---------- Source records

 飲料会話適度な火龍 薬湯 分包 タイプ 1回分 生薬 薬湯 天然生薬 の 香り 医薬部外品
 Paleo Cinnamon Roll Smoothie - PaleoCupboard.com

--------------------
---------- Source records

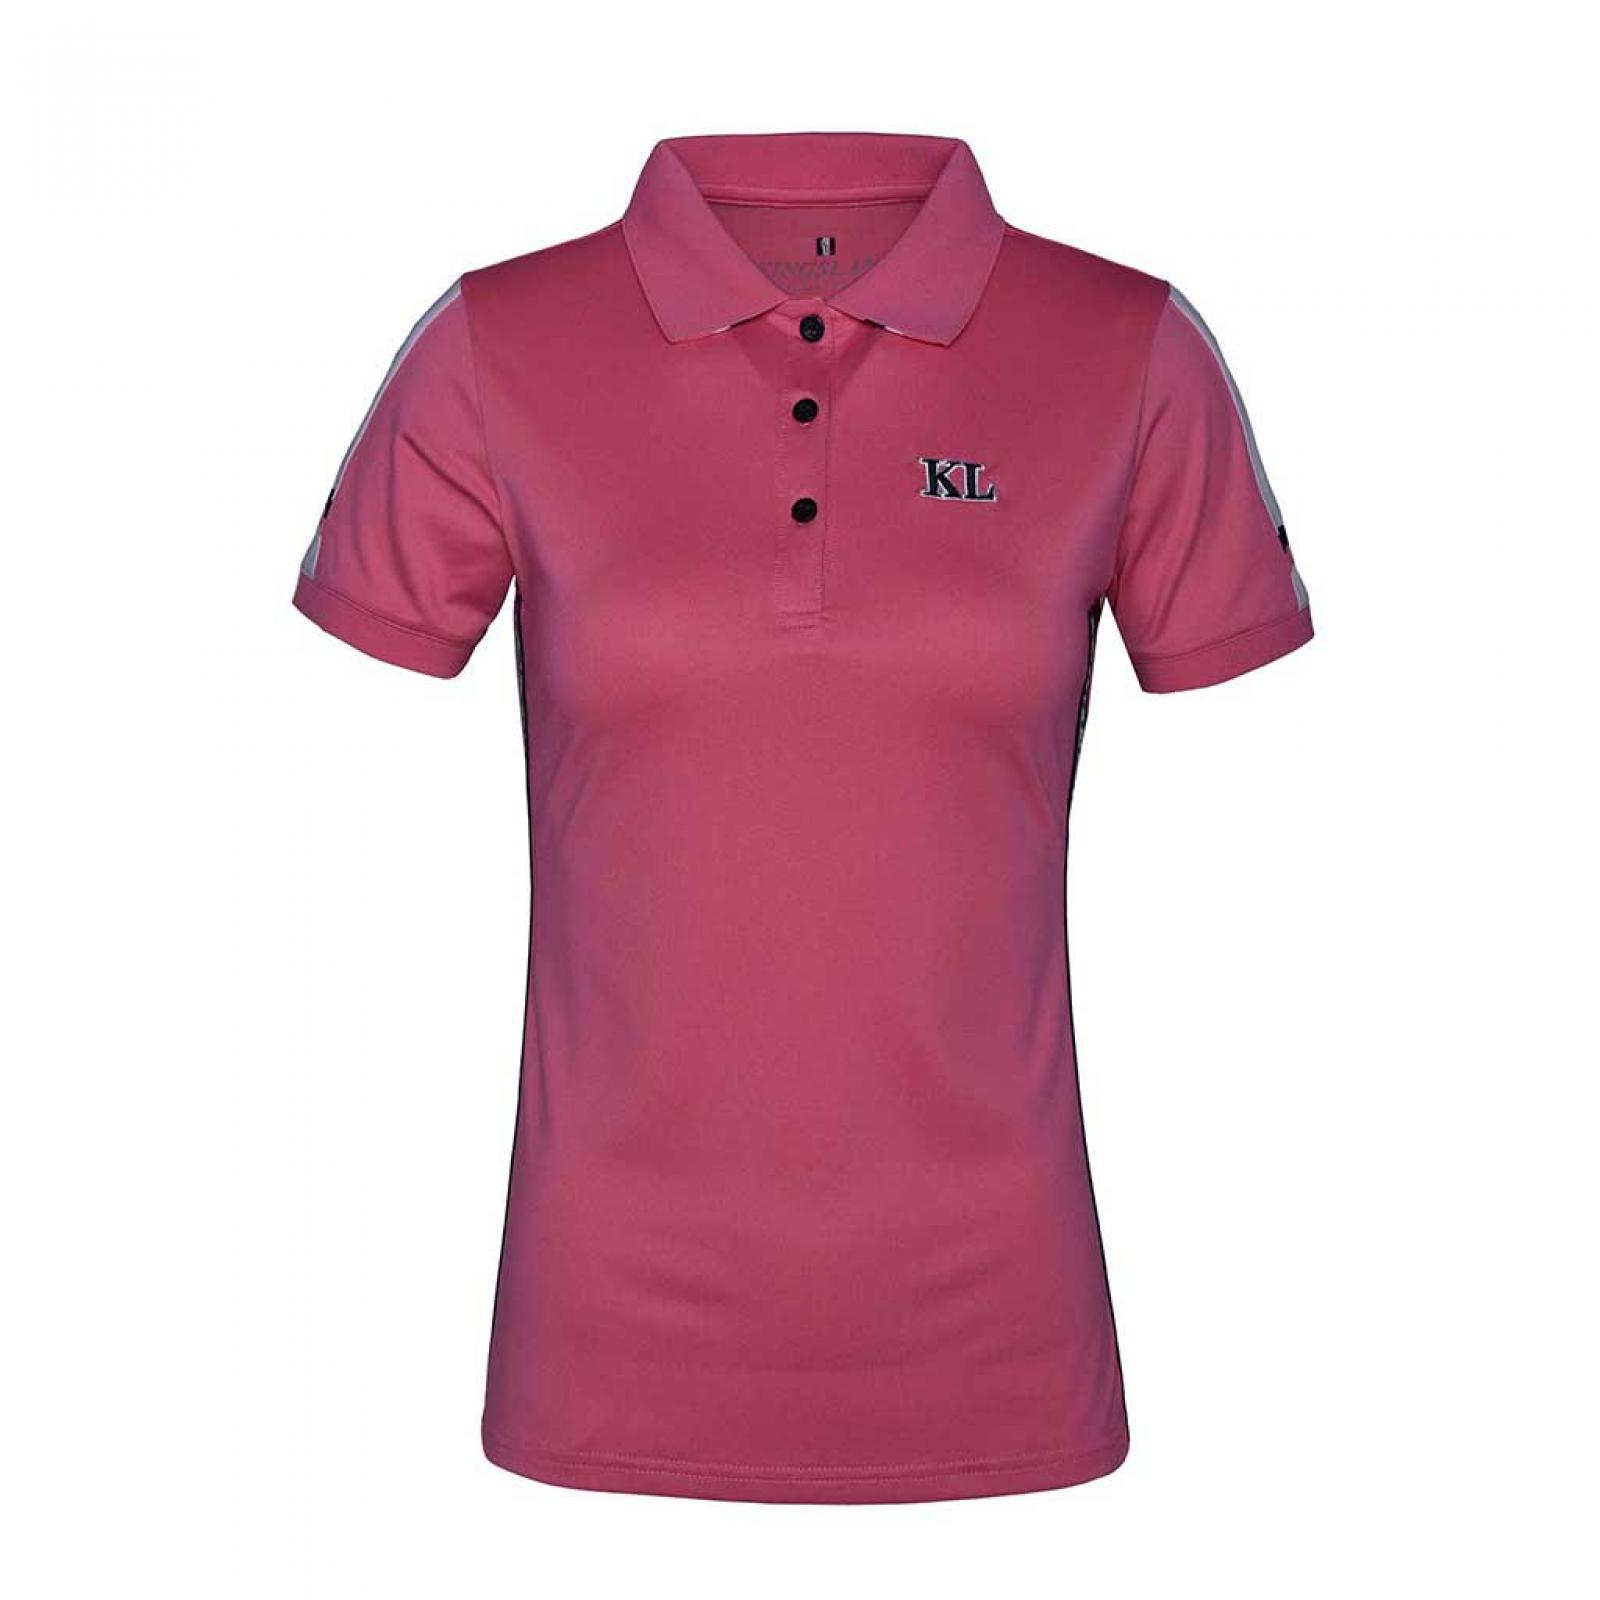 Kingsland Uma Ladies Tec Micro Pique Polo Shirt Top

--------------------
---------- Source records

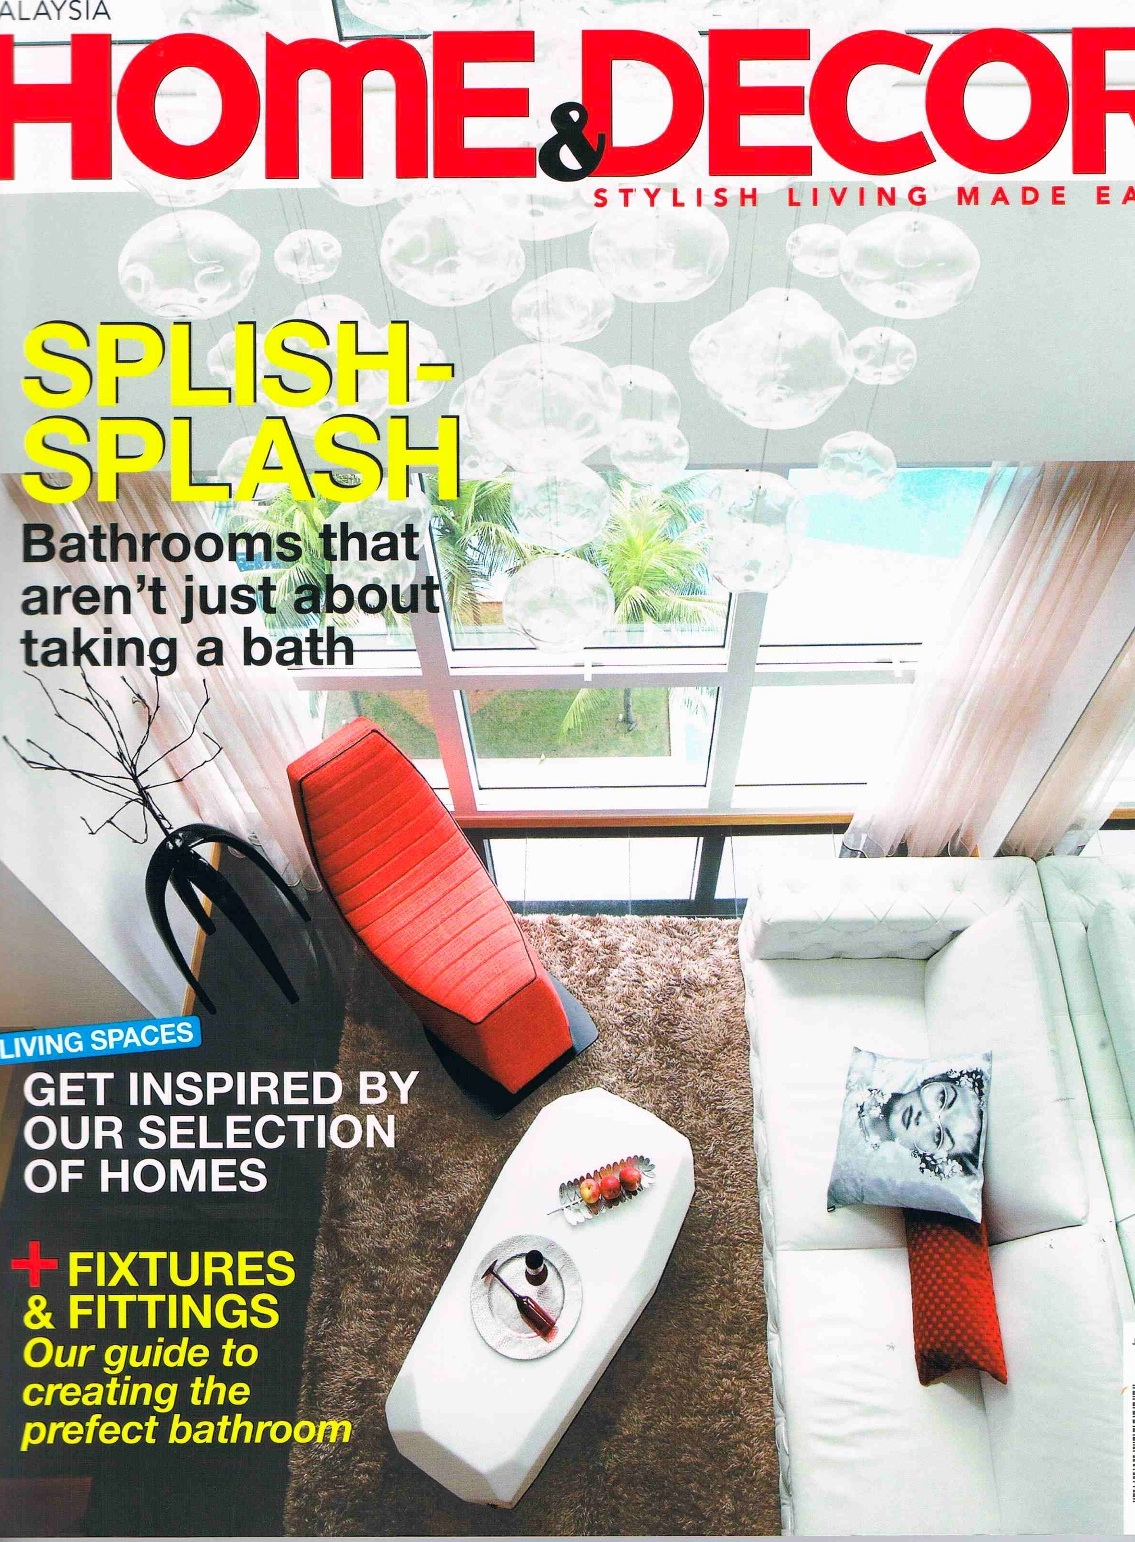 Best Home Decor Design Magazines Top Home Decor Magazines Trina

--------------------

Problem description
Reproduce the lines of the entries above from the one with "飲料会話適度な火龍 薬湯 分包" to the one with "Paleo Cinnamon Roll", both included, exactly and without any other line.

Result of this task
 飲料会話適度な火龍 薬湯 分包 タイプ 1回分 生薬 薬湯 天然生薬 の 香り 医薬部外品
 Paleo Cinnamon Roll Smoothie - PaleoCupboard.com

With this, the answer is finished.